On their arrival in Nelson they sold their horses to the Defence Department, who needed horses. Bill’s horse was a very fine one called “Corners All” When the war was over, a well known local soldier called Warwick Thomson, when embarking to come home, saw “Corners All” in Palestine being ridden by an officer. He was able to tell Bill his horse had come through the war in good order and condition and was in the high position of being ridden by an officer.
Fred was wounded in the war by shrapnel through his upper arm.He was also gassed. It was while he was in hospital in Hornchurch that he met my mother Constance Annie Barber.They married in Hornchurch and sailed for New Zealand .They arrived in early January 1918.

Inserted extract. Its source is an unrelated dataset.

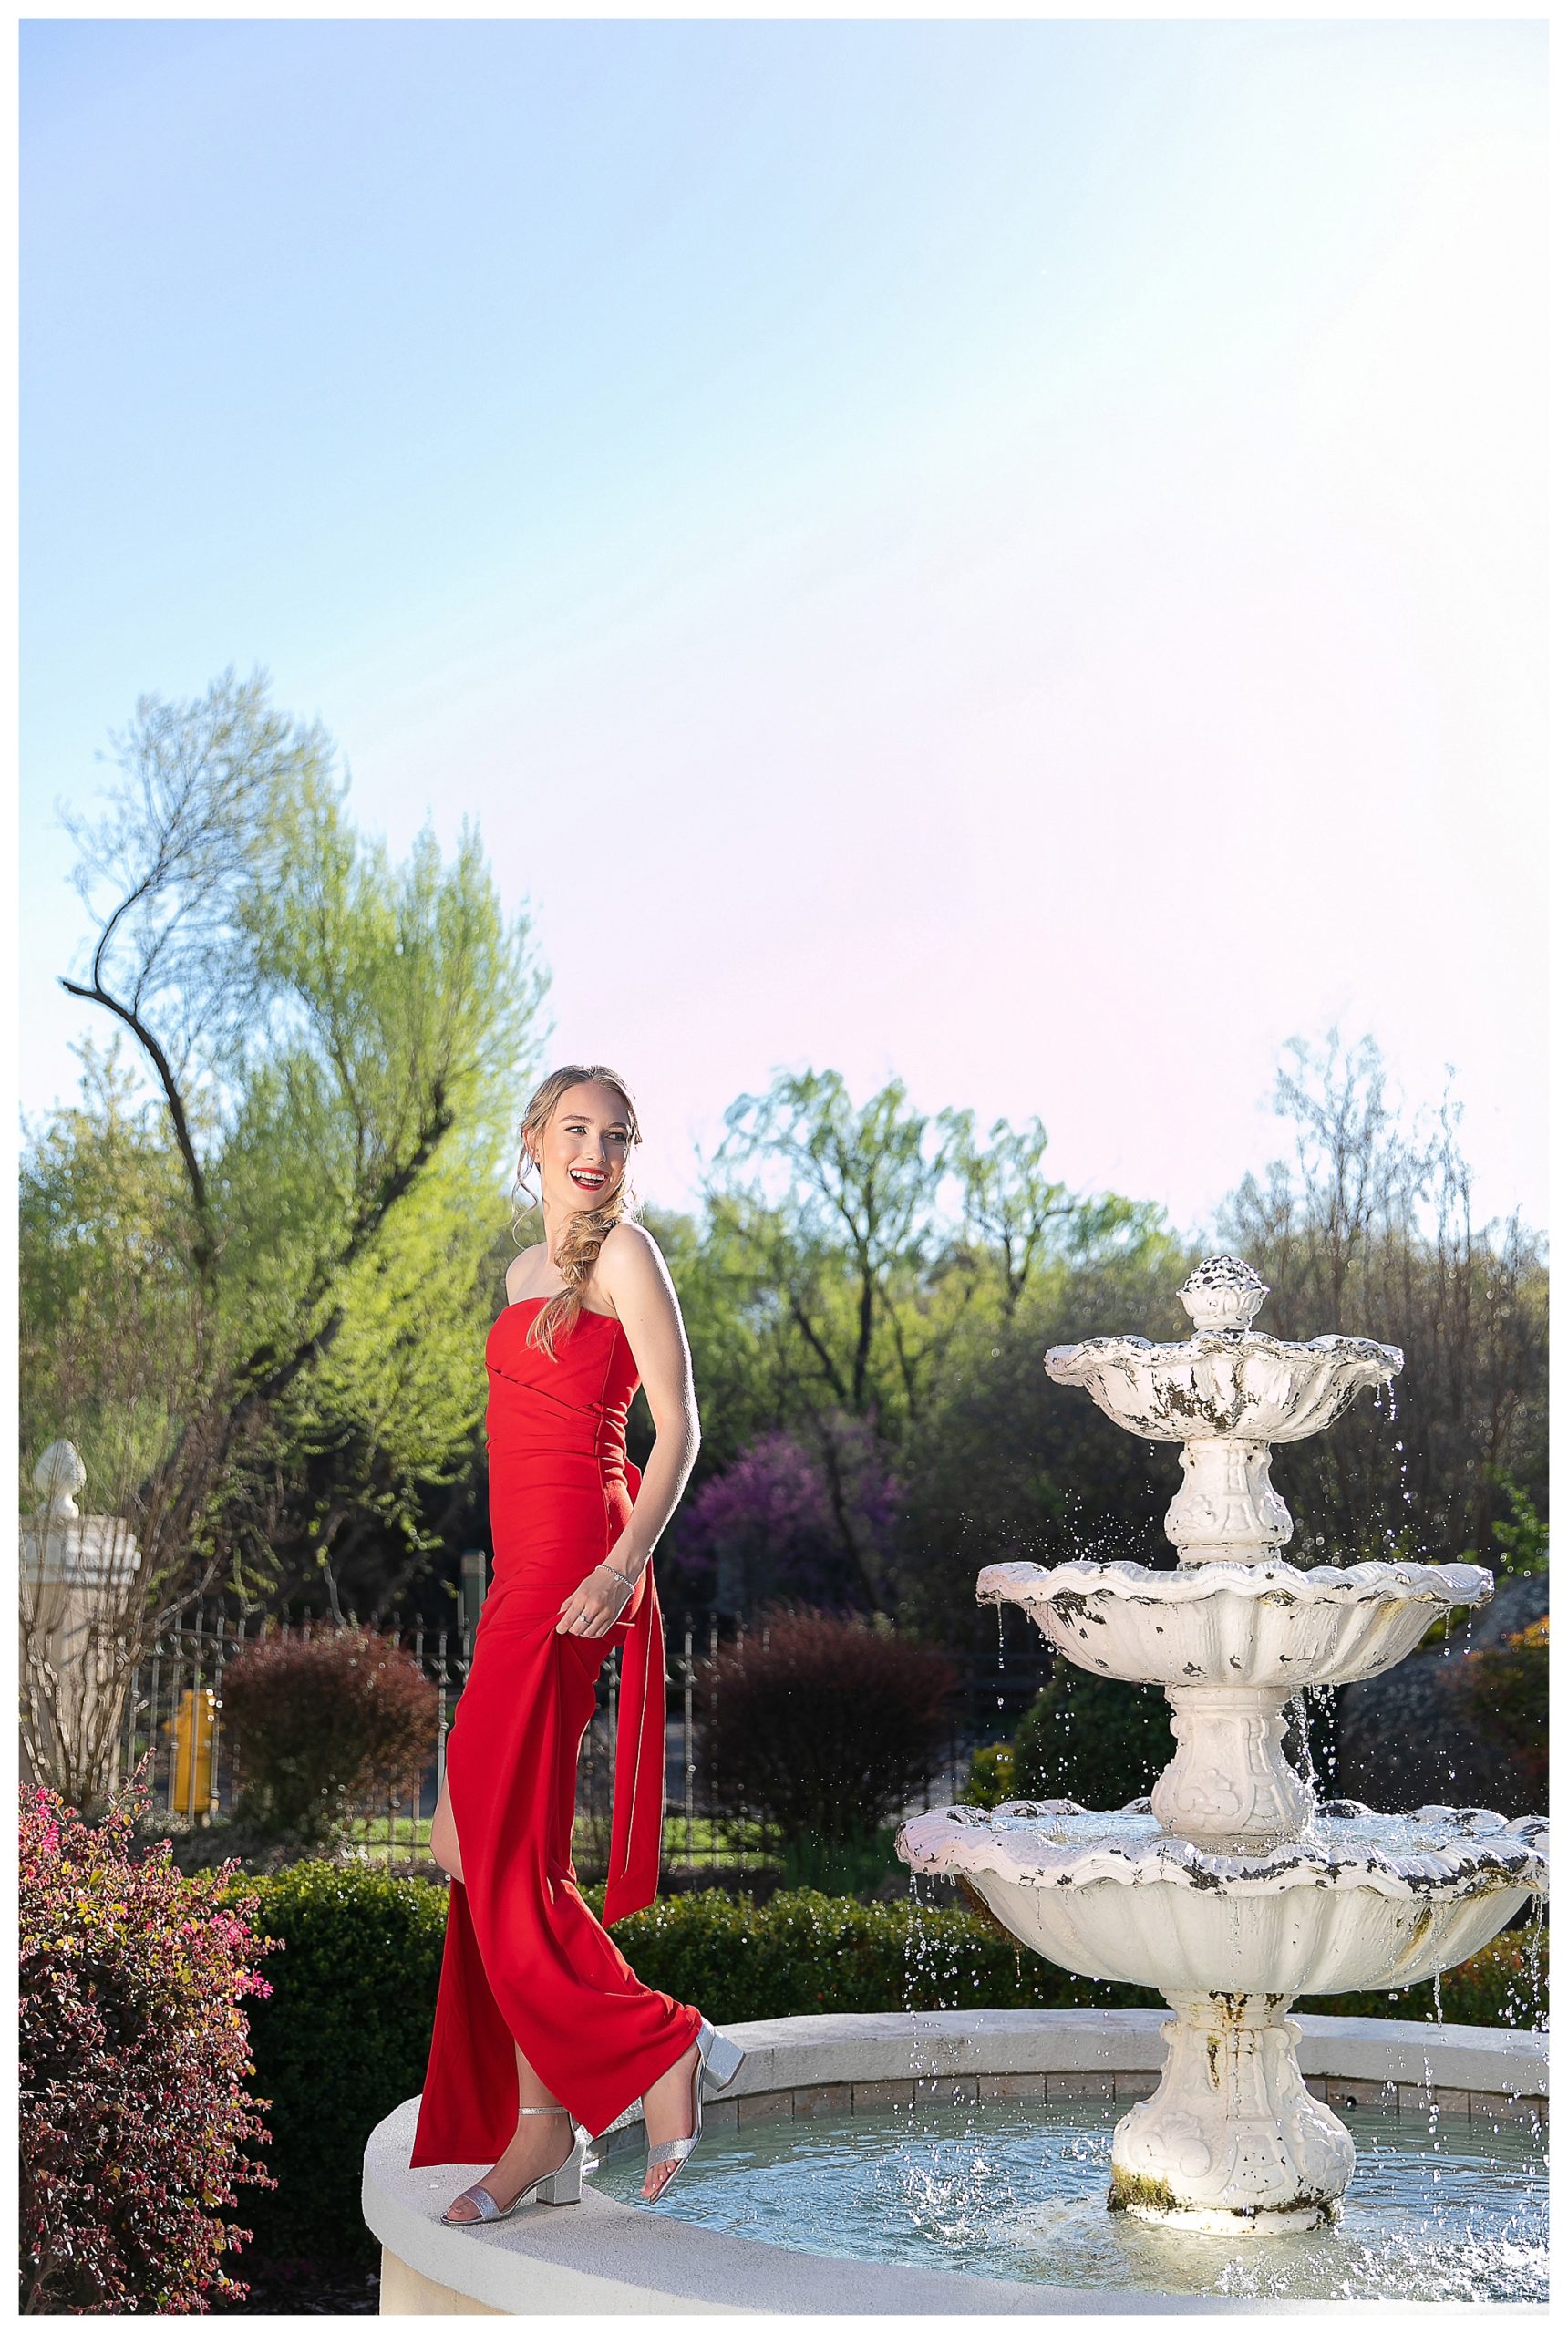 Senior high school girl in red dress

Mum’s arrival in New Zealand must have been a real cultural shock as she had to travel by horse and buggy eighty miles to Murchison to meet her in-laws and then another forty miles to her new home in the Maruia. This home was a two roomed bach with no conveniences. Meals were cooked over an open fire in camp ovens, water heated in kettles and kerosene tins, no bathroom, and the water supply being bucketed from a stream. She had to learn to bake bread and this is where Aunt Alice came into her own helping Mum to cope with these chores.
With a couple of rooms built on later, a wood stove was purchased but Mum still preferred to do most of her cooking over the open fire. She was never a fancy cook so all food was very basic and to our father’s disgust bread was wholemeal and we used brown sugar more than white.
Food was bought in bulk. Dad built a big bin and I can remember fifty pound bags of flour and sugar being kept there to keep the mice out. A lot of our groceries were bought from the Self Help store in Nelson. Once a month even after Uncle Bill built the store because the store was not large enough to carry a large amount of goods. The only newspaper we had was the Auckland Weekly News. It was devoured by everyone. A murder was big news and dealt with in great detail.
Our home was very basic. If we were lucky enough to have some linoleum on the floor it was because my mother had some shares in the Farmer Trading Company in Auckland and was able to afford such a luxury. Our kitchen furniture was all made by Dad. We had a long bench seat on each side of the table and Dad and Mum had a chair at each end. We had two sea-grass chairs of sorts, a sofa and deck chairs. Sacks were made into mats or we had a runner of coconut matting. Beds were wirewove with kapok mattresses. Calf and deer skins were cured for mats too.
Mum had brought her grandfather clock and some Wedgewood out from England following her’s and Dad’s trip back in 1924 to see her parents. It must have been about this time that the house was three bedrooms and we had a nice mantlepiece over the fireplace where Mum kept her precious pieces. We didn’t dare touch them. A big picture of the "Charlotte Padbury" hung on the wall. She had a piano which she had bought from Dr Warner in Murchison.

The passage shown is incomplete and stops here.